Question: Transmitted power remaining the same, if the supply voltage of DC 2 wire feeder is increased by 100%, what is the saving in copper percentage?

Calculation:

Assuming the resistance of the wire remains the same, the power P transmitted through the wire can be expressed as:

P = V^2/R

where V is the voltage and R is the resistance of the wire.

Since the transmitted power remains the same, we can write:

V1^2/R = V2^2/R

where V1 and V2 are the original and new supply voltages, respectively.

Solving for V2, we get:

V2 = sqrt(2) x V1

Therefore, the new voltage is 1.414 times the original voltage.

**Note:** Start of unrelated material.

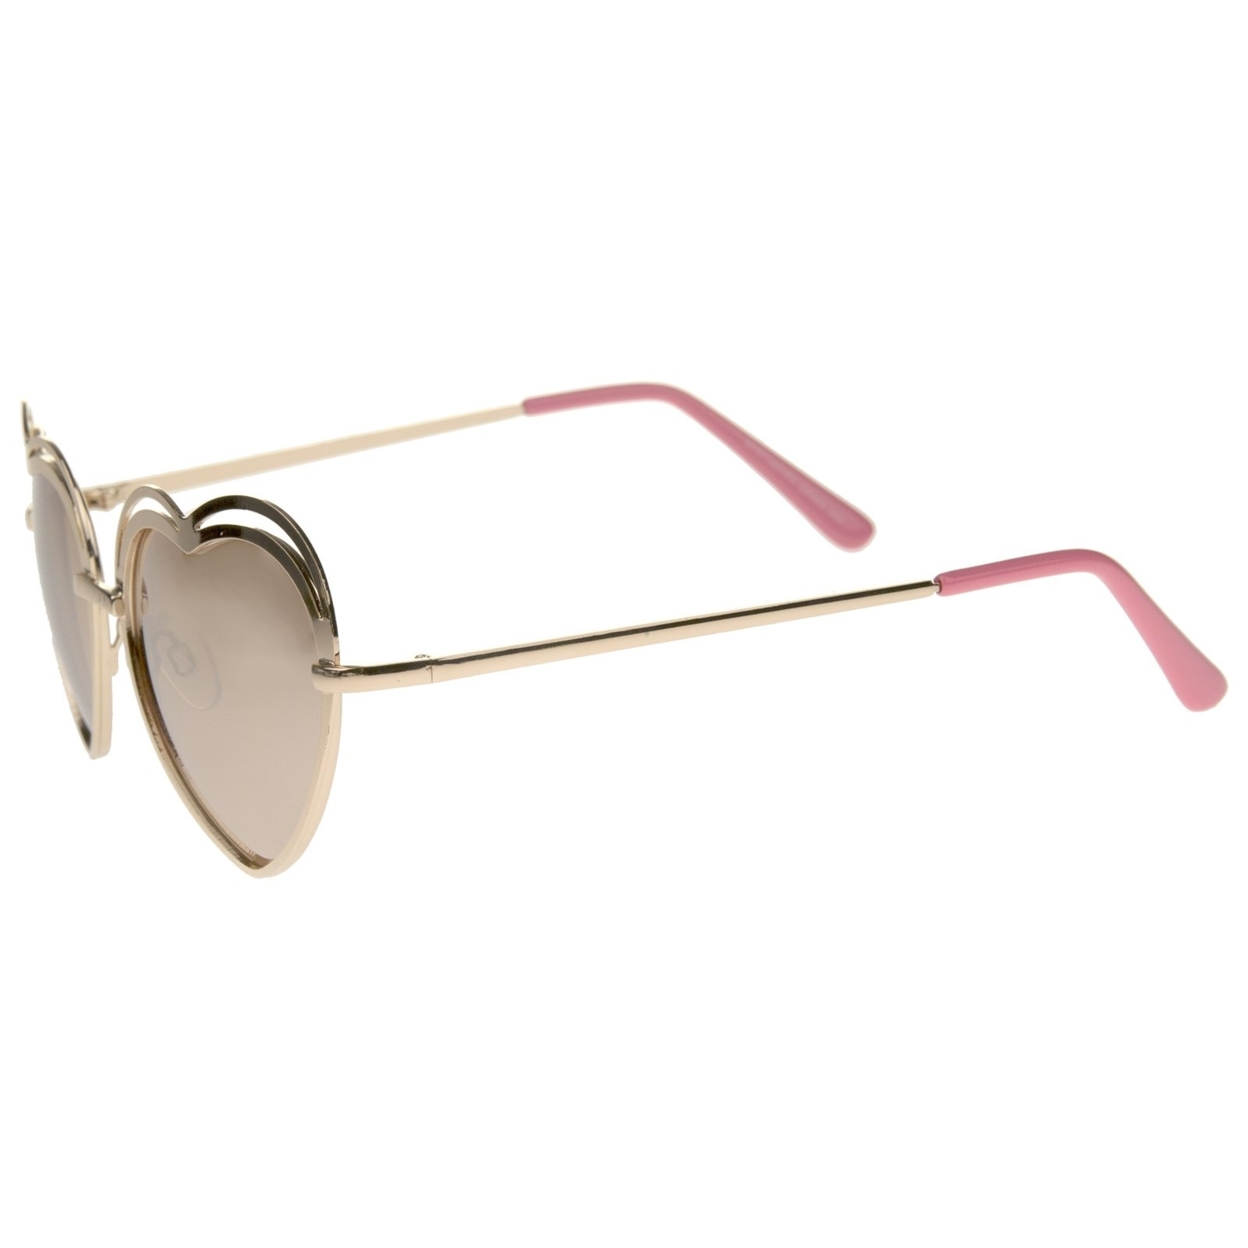 Women's Metal Cutout Frame Thin Temple Cutout Heart Sunglasses 55mm - Gold / Amber

The resistance R of the wire is proportional to its length L and inversely proportional to its cross-sectional area A, i.e.,

R = rho x L/A

where rho is the resistivity of the wire material.

If the cross-sectional area of the wire is reduced by a factor of k, the resistance becomes:

R' = rho x L/kA = kR

Therefore, the saving in copper, expressed as a percentage, is:

Saving = [(A - kA)/A] x 100% = (1 - k) x 100%

where A is the original cross-sectional area of the wire and k is the factor by which it is reduced.

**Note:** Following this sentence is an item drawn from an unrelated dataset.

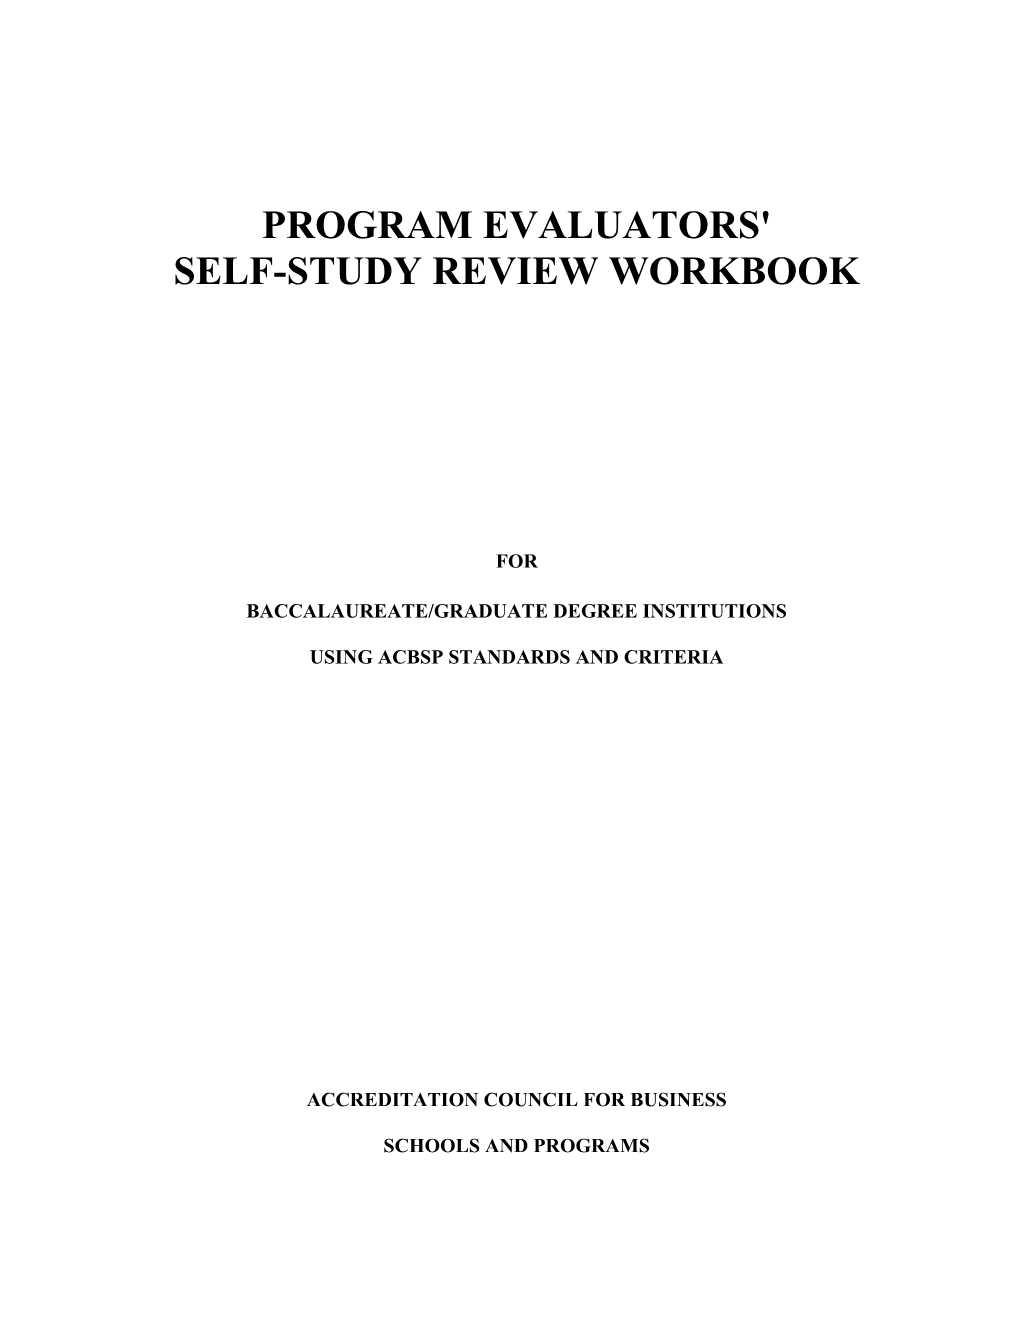 Self-Study Review Workbook

Substituting k = 1/1.414 = 0.707, we get:

Saving = (1 - 0.707) x 100% = 29.3%

Therefore, the saving in copper is approximately 29.3%.

Conclusion:

Increasing the supply voltage of a DC 2 wire feeder by 100% while keeping the transmitted power constant results in a saving in copper of approximately 29.3%. This is because the new voltage allows for a smaller cross-sectional area of wire to be used while maintaining the same resistance and transmitted power.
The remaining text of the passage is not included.